» REQUIRED WORK:
Ignoring every picture, transcribe the data in full as it stands.

» INFORMATION SUPPLIED:
- Opening Delimiter -
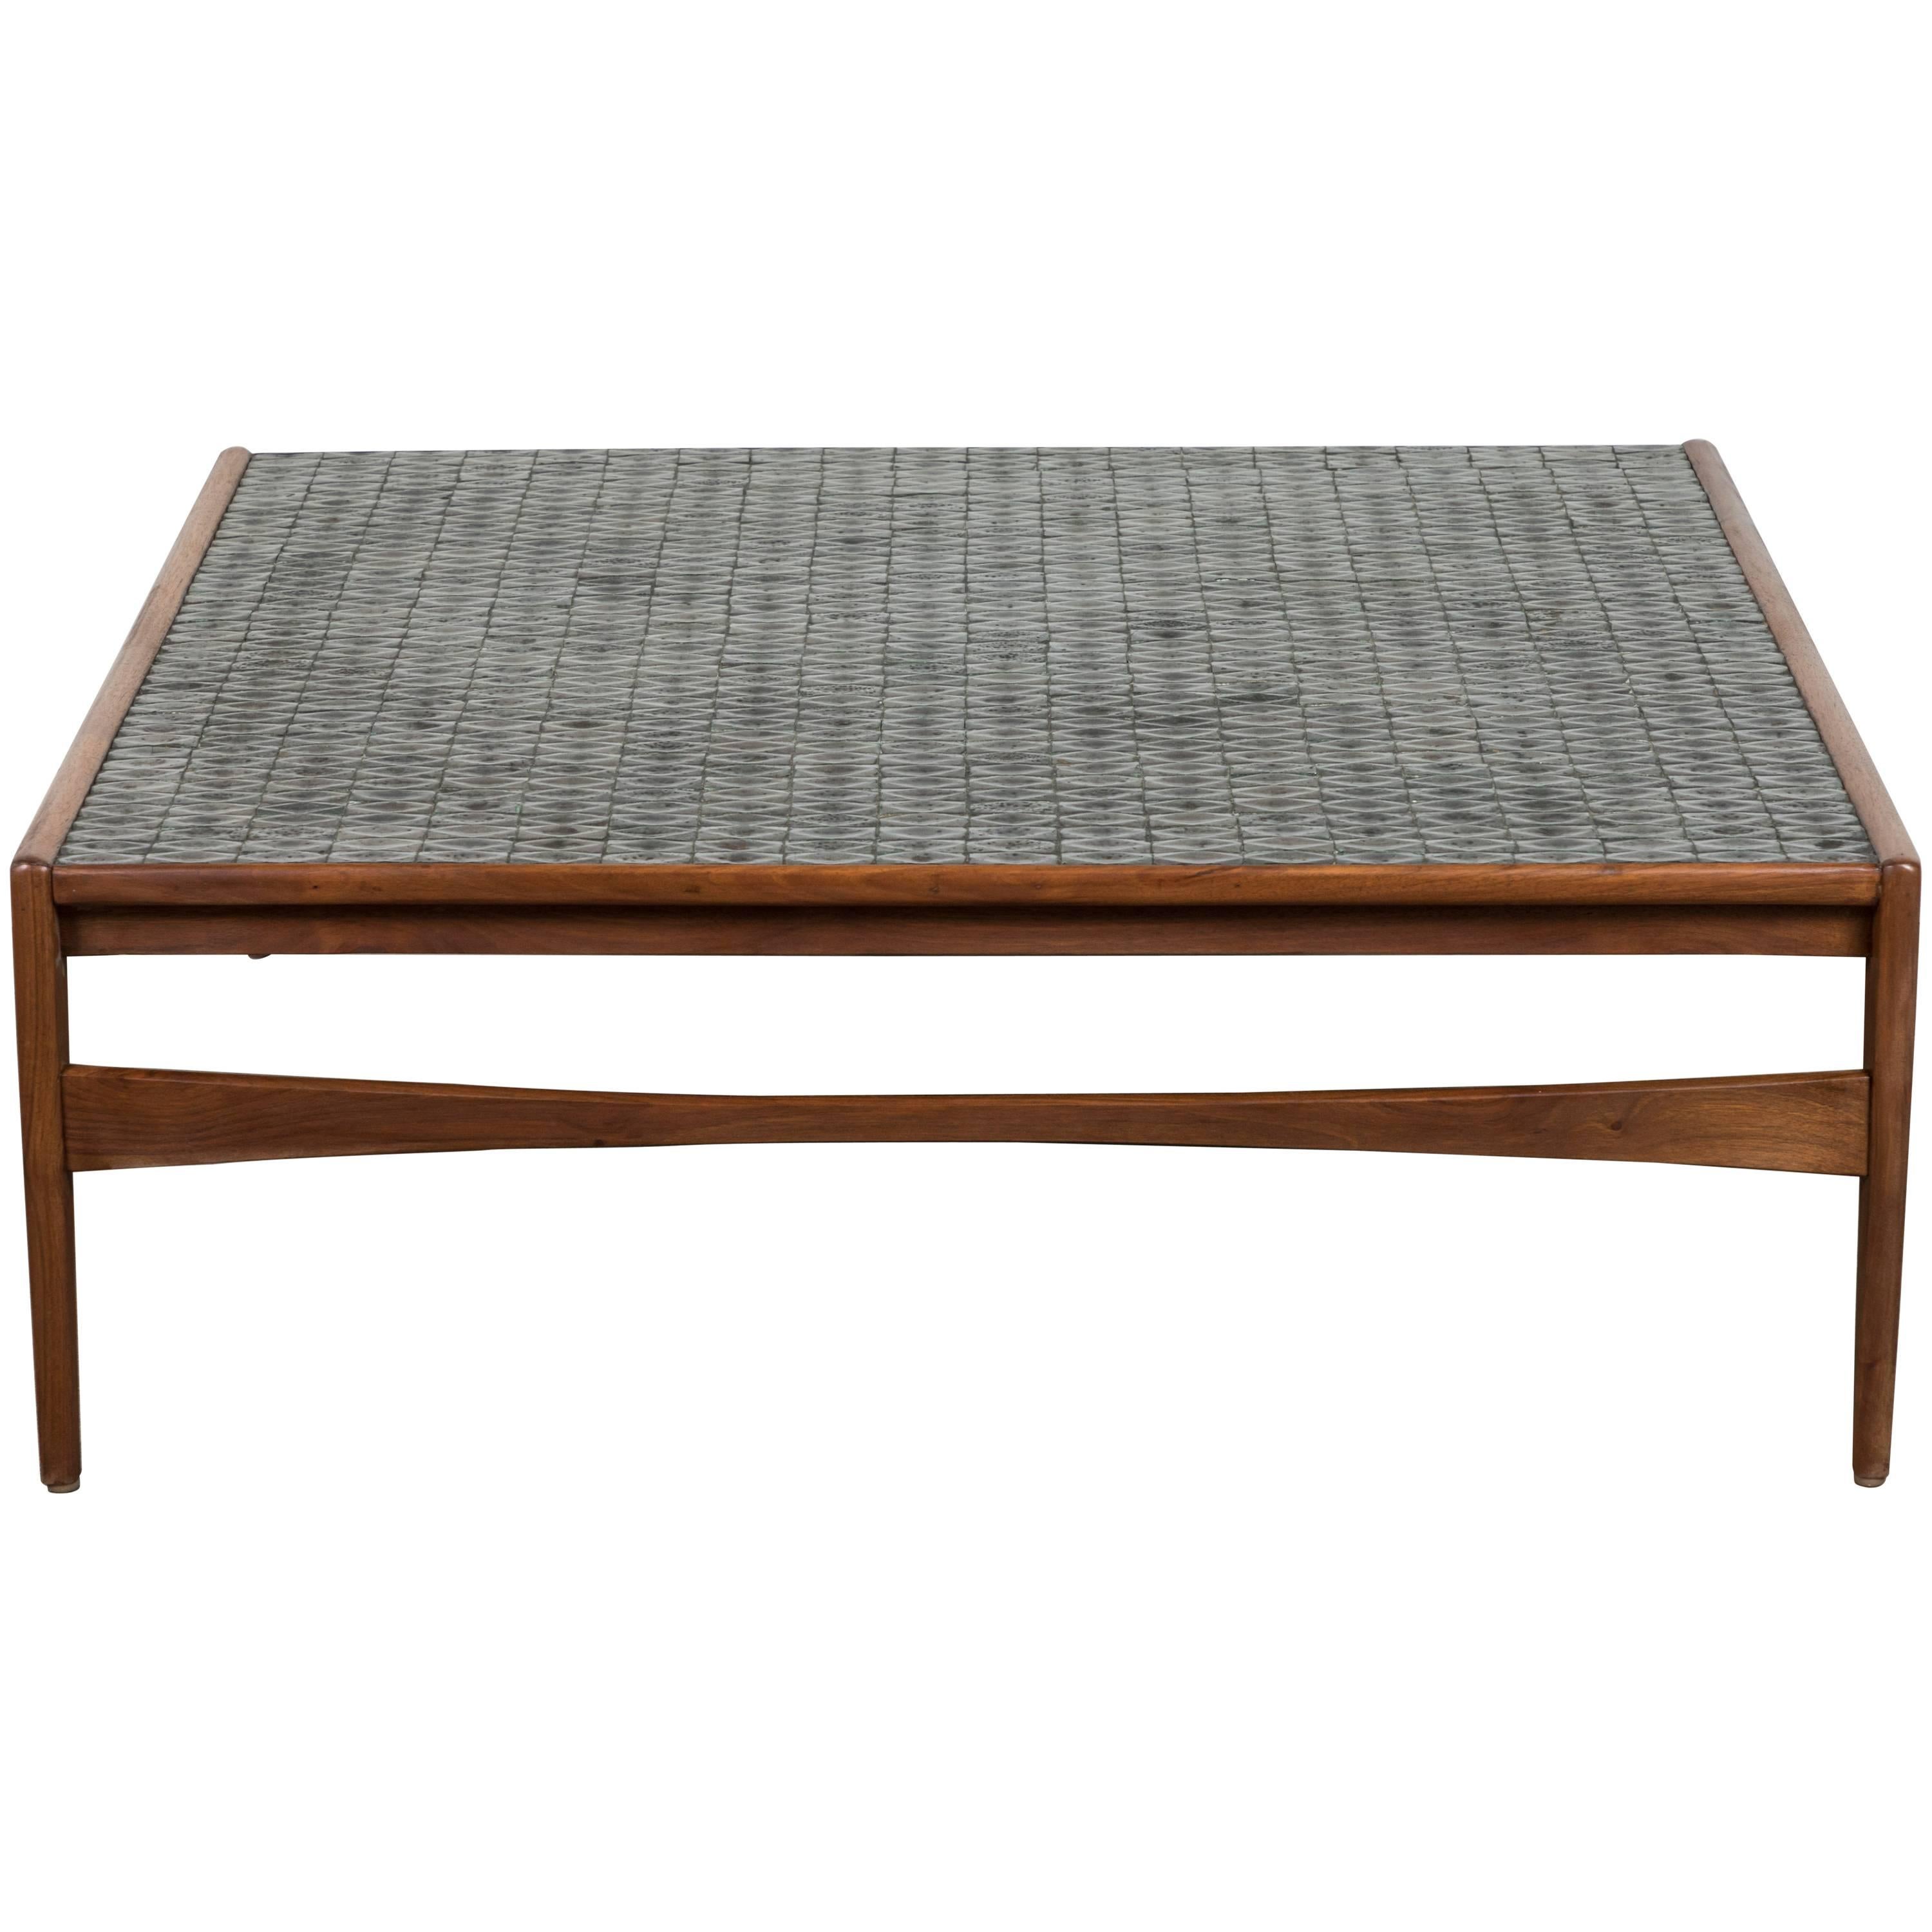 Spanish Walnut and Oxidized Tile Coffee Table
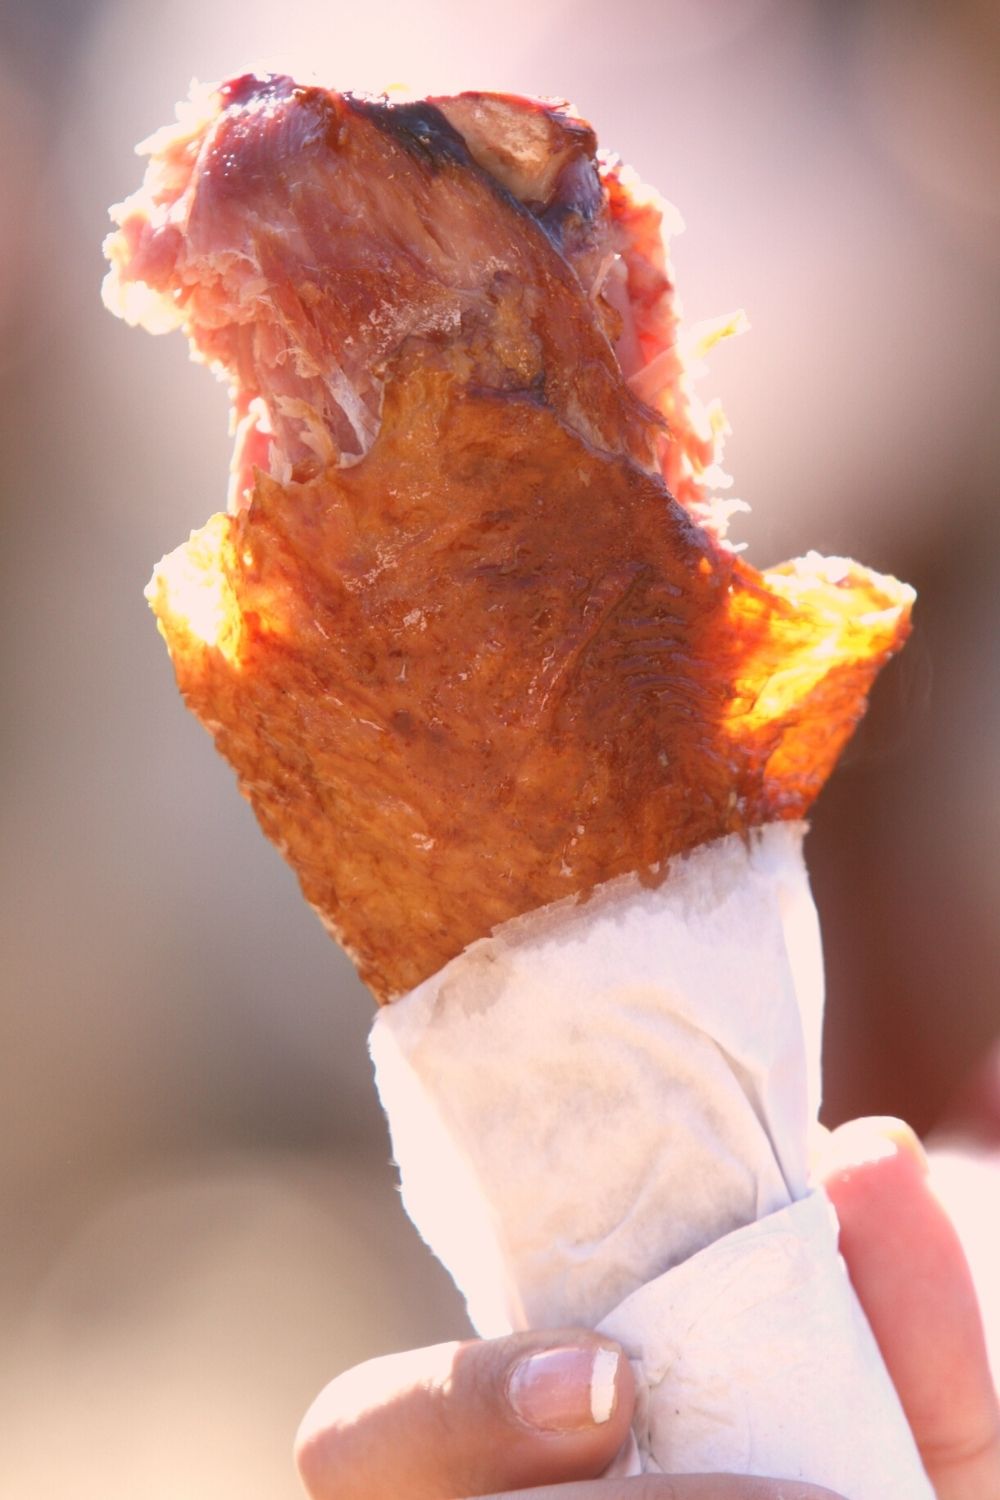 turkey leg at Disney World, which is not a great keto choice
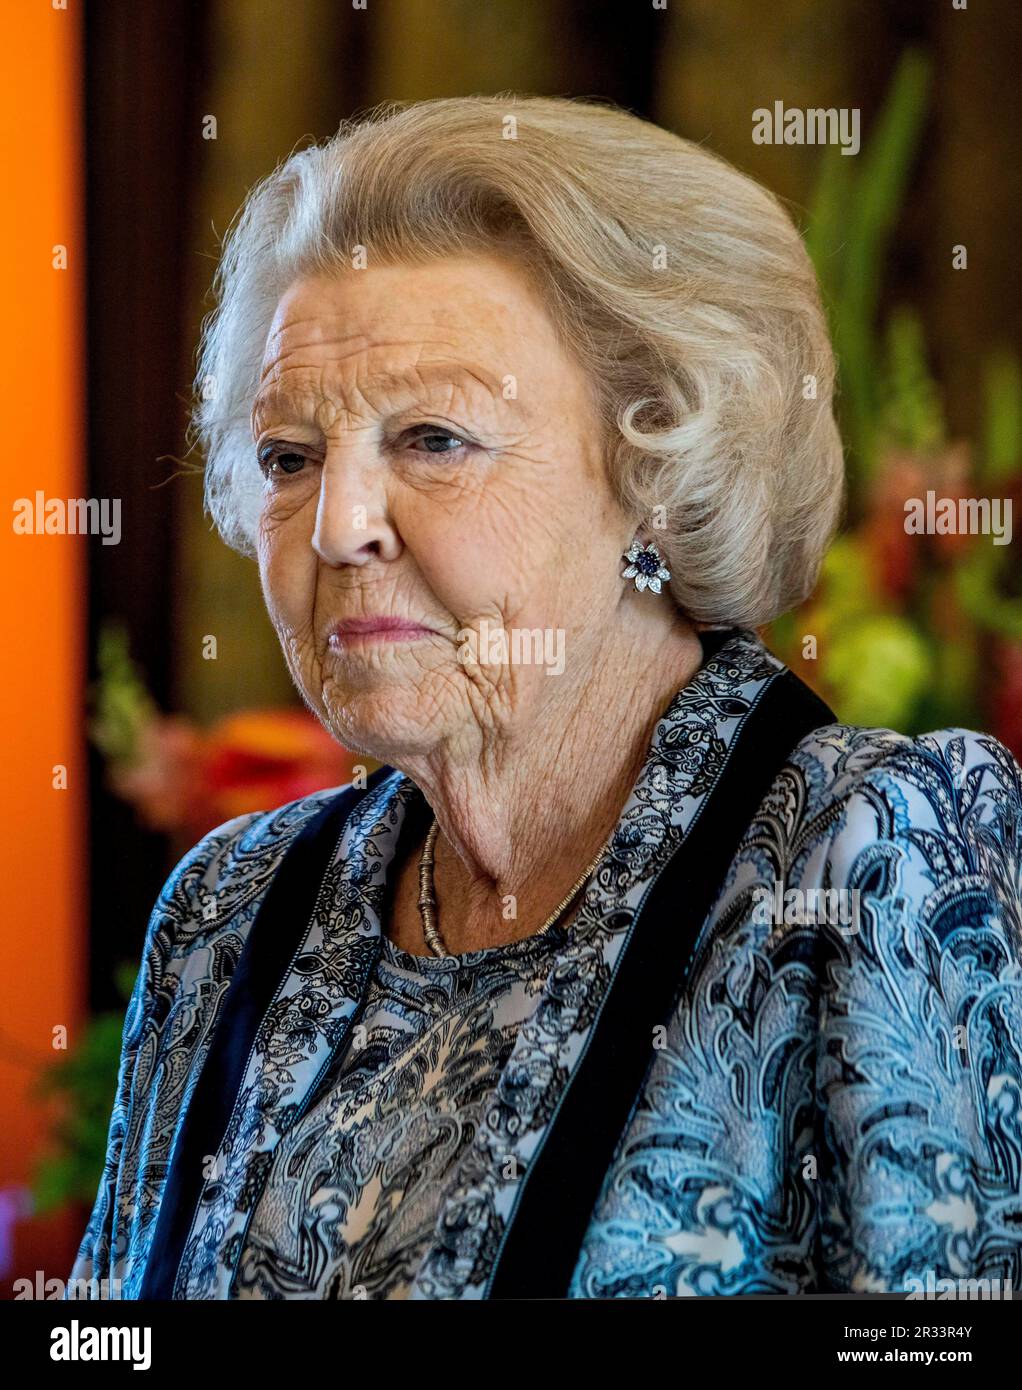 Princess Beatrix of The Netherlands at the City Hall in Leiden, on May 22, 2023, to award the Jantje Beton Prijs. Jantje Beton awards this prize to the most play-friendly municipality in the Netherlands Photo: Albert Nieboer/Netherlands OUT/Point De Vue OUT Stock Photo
- Closing Delimiter -
» RESULT OF THE EXERCISE:
 Spanish Walnut and Oxidized Tile Coffee Table
 turkey leg at Disney World, which is not a great keto choice
 Princess Beatrix of The Netherlands at the City Hall in Leiden, on May 22, 2023, to award the Jantje Beton Prijs. Jantje Beton awards this prize to the most play-friendly municipality in the Netherlands Photo: Albert Nieboer/Netherlands OUT/Point De Vue OUT Stock Photo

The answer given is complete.